=== GIVEN MATERIAL ===

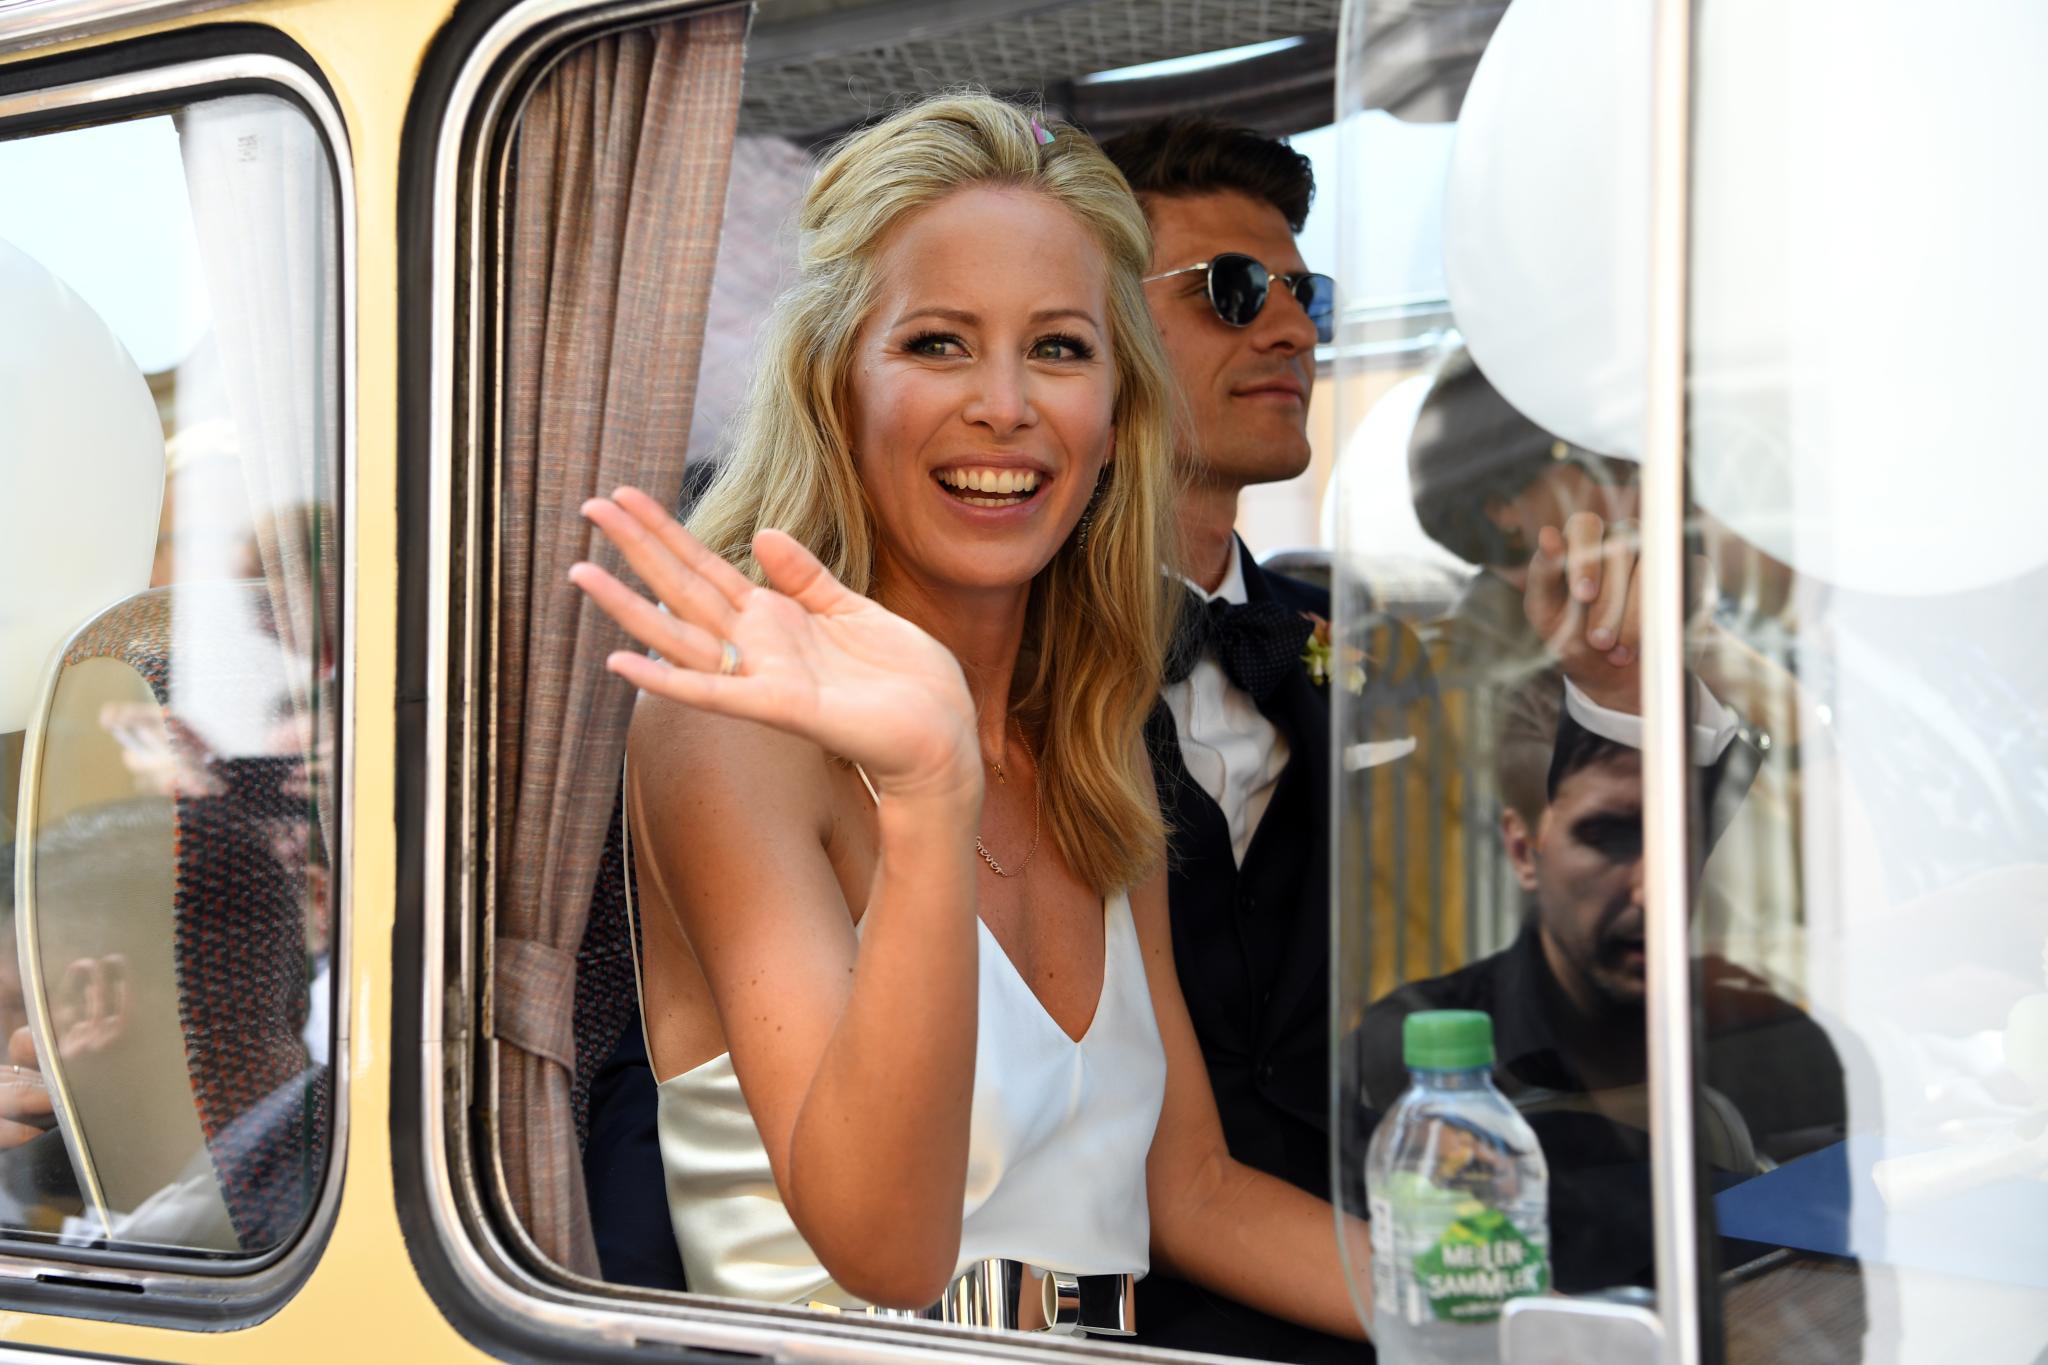 Glücklich verheiratet: Nach ihrer standesamtlichen Trauung winkt Carina Gomez neben ihrem Mann Mario Gomez den Gästen zu.
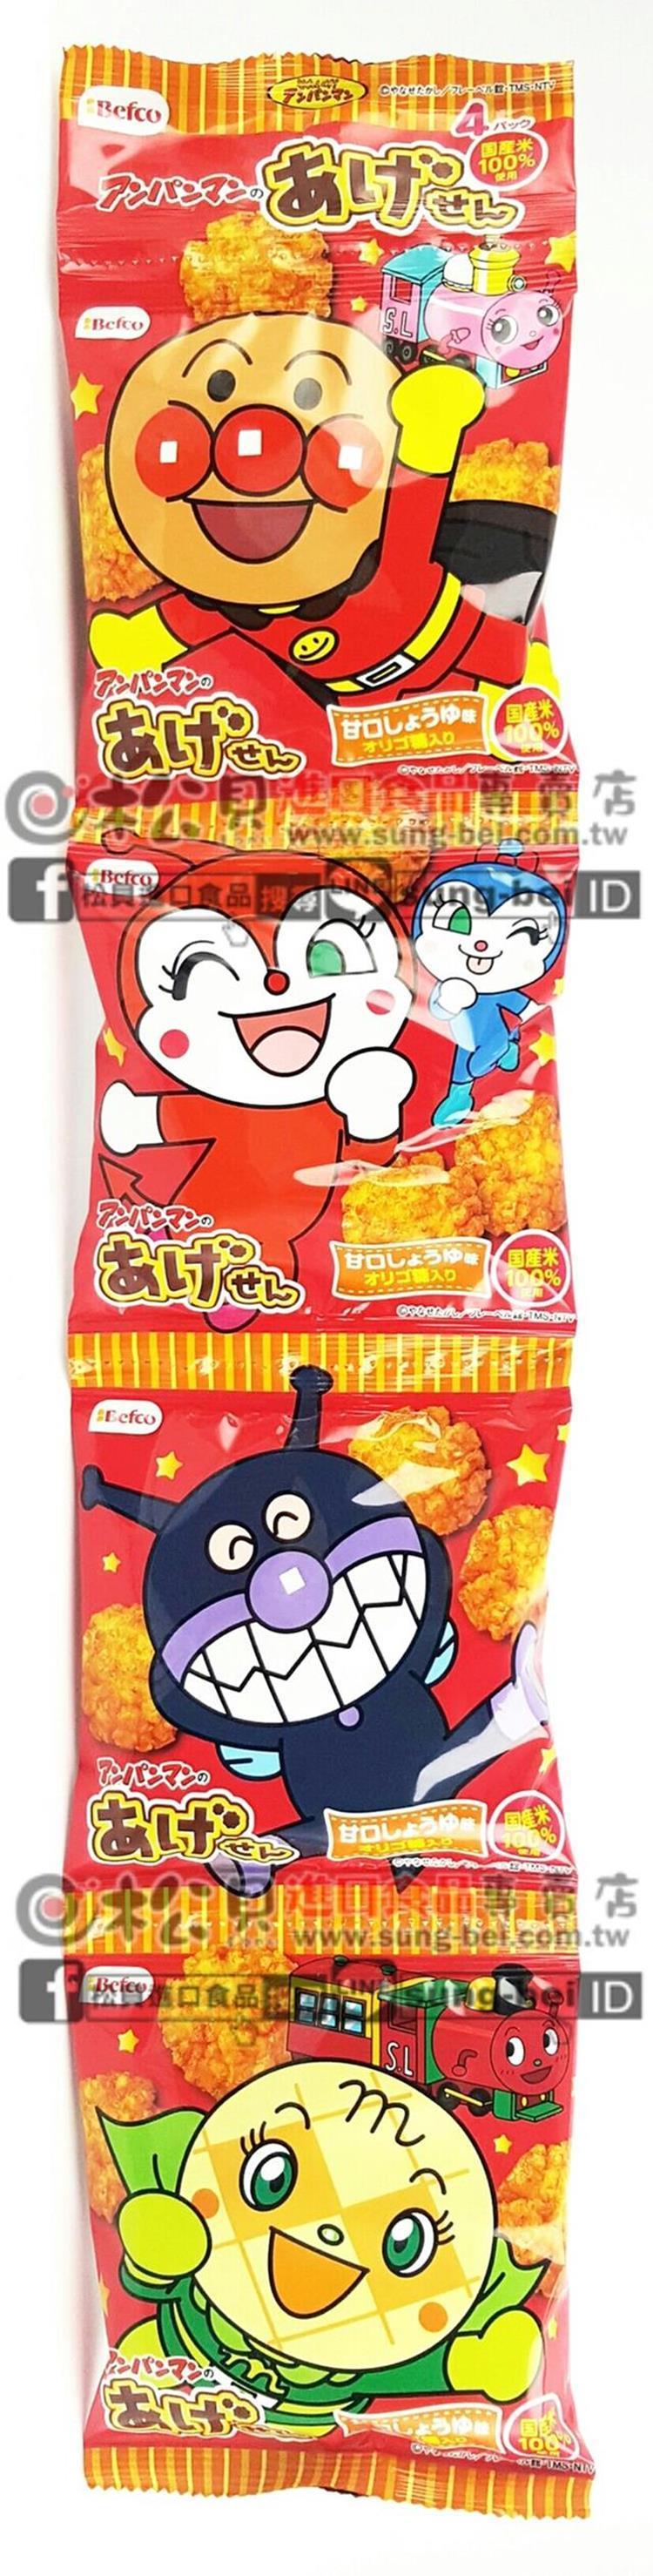 《松貝》栗山麵包超人醬油米果4連60g【4901336508764】bd38
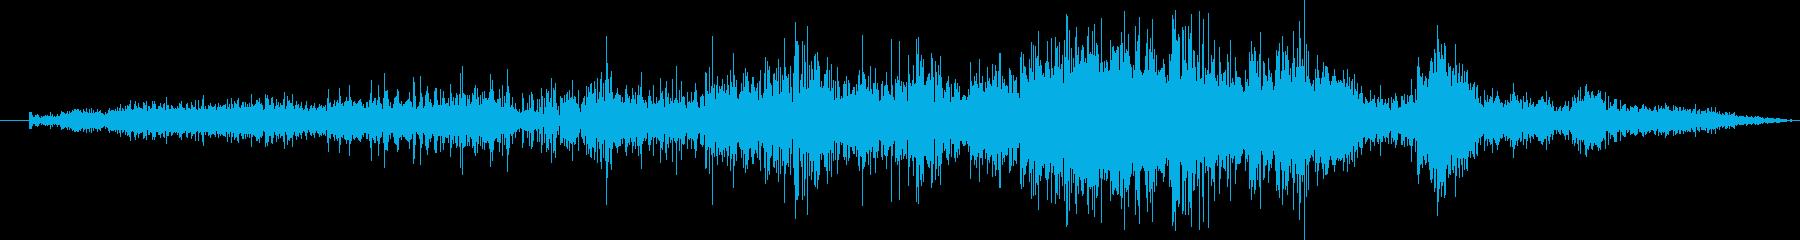 ゾンビの唸り声の再生済みの波形

===

■ PROBLEM TO WORK ON
Return every line above word for word, minus images.

■ RESULT FOR THIS TASK
 Glücklich verheiratet: Nach ihrer standesamtlichen Trauung winkt Carina Gomez neben ihrem Mann Mario Gomez den Gästen zu.
 《松貝》栗山麵包超人醬油米果4連60g【4901336508764】bd38
 ゾンビの唸り声の再生済みの波形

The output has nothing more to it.